The arm responded with a finger twitch.

Urgency flooded into her veins and she dashed across the room without commanding her feet to do so. But at her father’s chair she halted as if an invisible force field had barred her. She was not prepared for whatever gruesome scene she would see, so she took a second to breathe, then slowly went around the chair.


David?”

He came into view and she screamed. He lay on his side on the floor in a pool of syrupy thick red blood seeping from several large gashes on his body. She clasped her hands over her mouth in shock. His body was twitching in several places from exposed purple nerves. Suddenly he started choking. He jerked and raised his head to cough out several spouts of blood. Maria dropped to her knees, took hold of him and sat him upright against her chest.

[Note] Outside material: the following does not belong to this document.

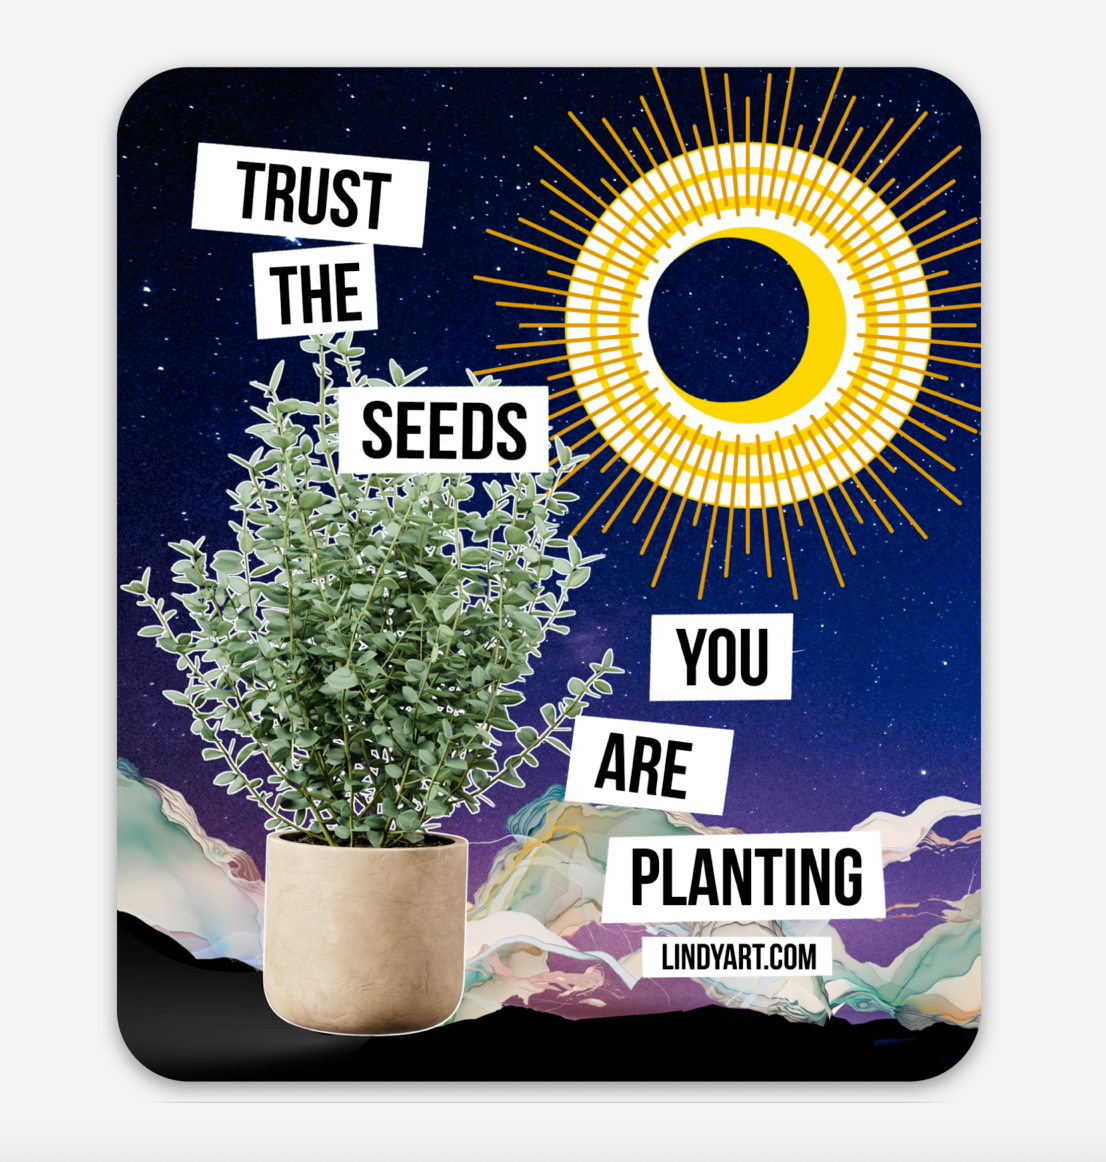 Trust the seeds you are planting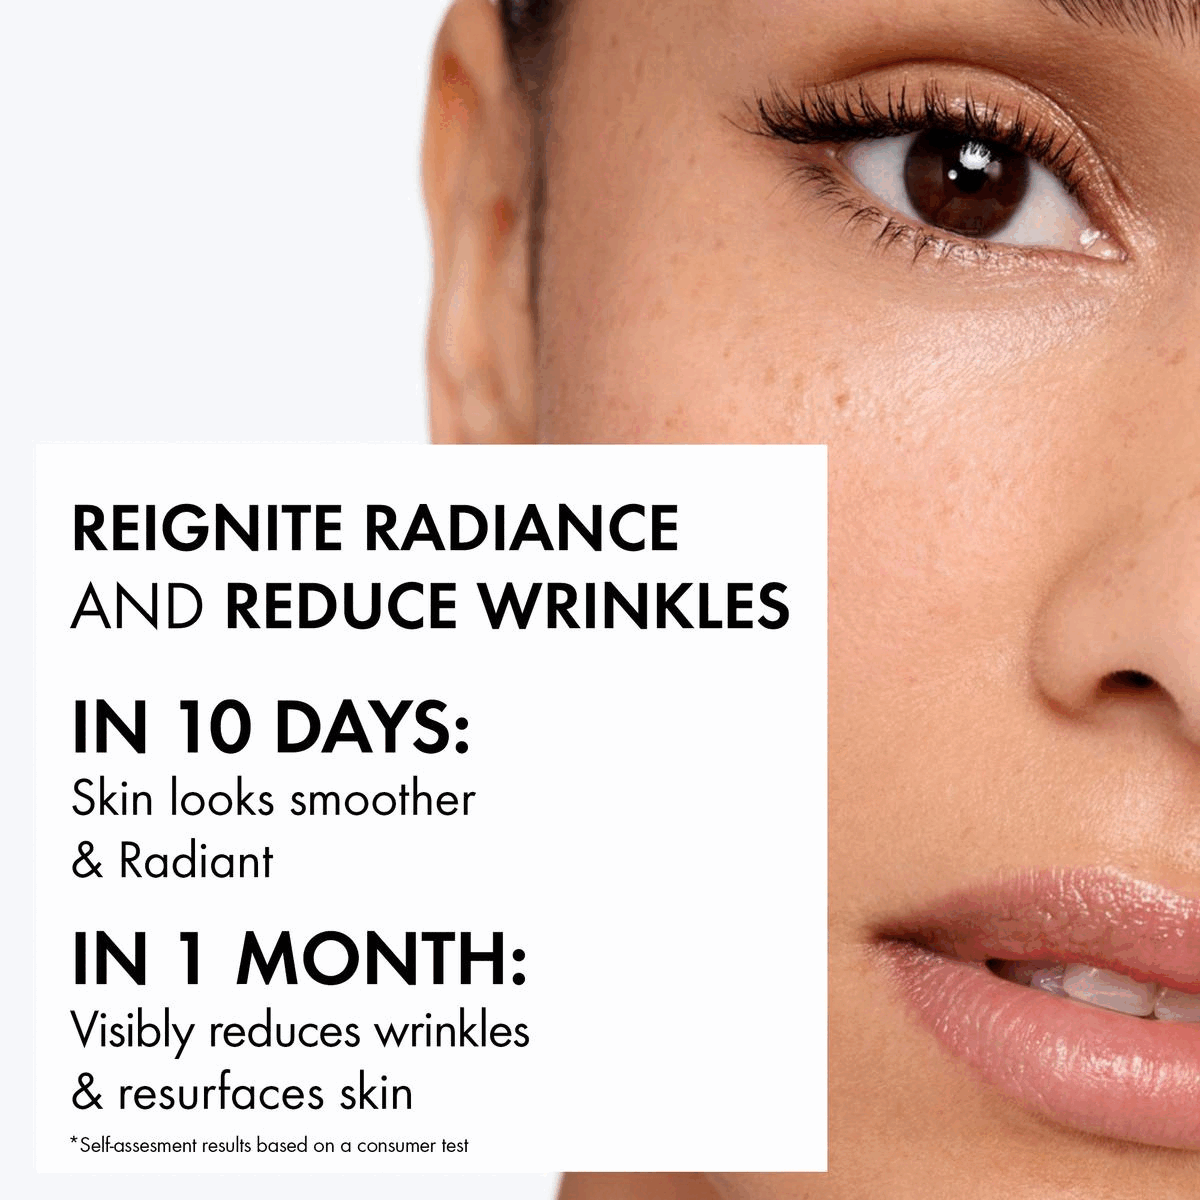 Image 1-Reignite radiance and reduce wrinkles. In 10 days: Skin looks smother and radiant. In 1 month: Visibly reduces wrinkles and resurface skin. Image 2- Reignite radiance and reduce wrinkles

It’s okay! Just cough it up! Just try and breathe if you can, just try and breathe.”

David’s eyes were sealed shut as he coughed more violently. Upon closer inspection of him, Maria noticed a heavy swelling on his leg; the bone had been dislocated, twisted, and now jutted against the skin like a bump. Oh God, how much had he been tossed around, thrashed about and beaten mercilessly?


Alan, open your eyes. Alan say something! I need you to tell me what to do!” She hadn’t even noticed at first she used his fake name. She bent her head over him and used all her strength to cradle him in her arms. With a tiny gasp his coughing seized, but when David finally was able to open and focus his eyes on hers, she realized he was not dead. Just angry.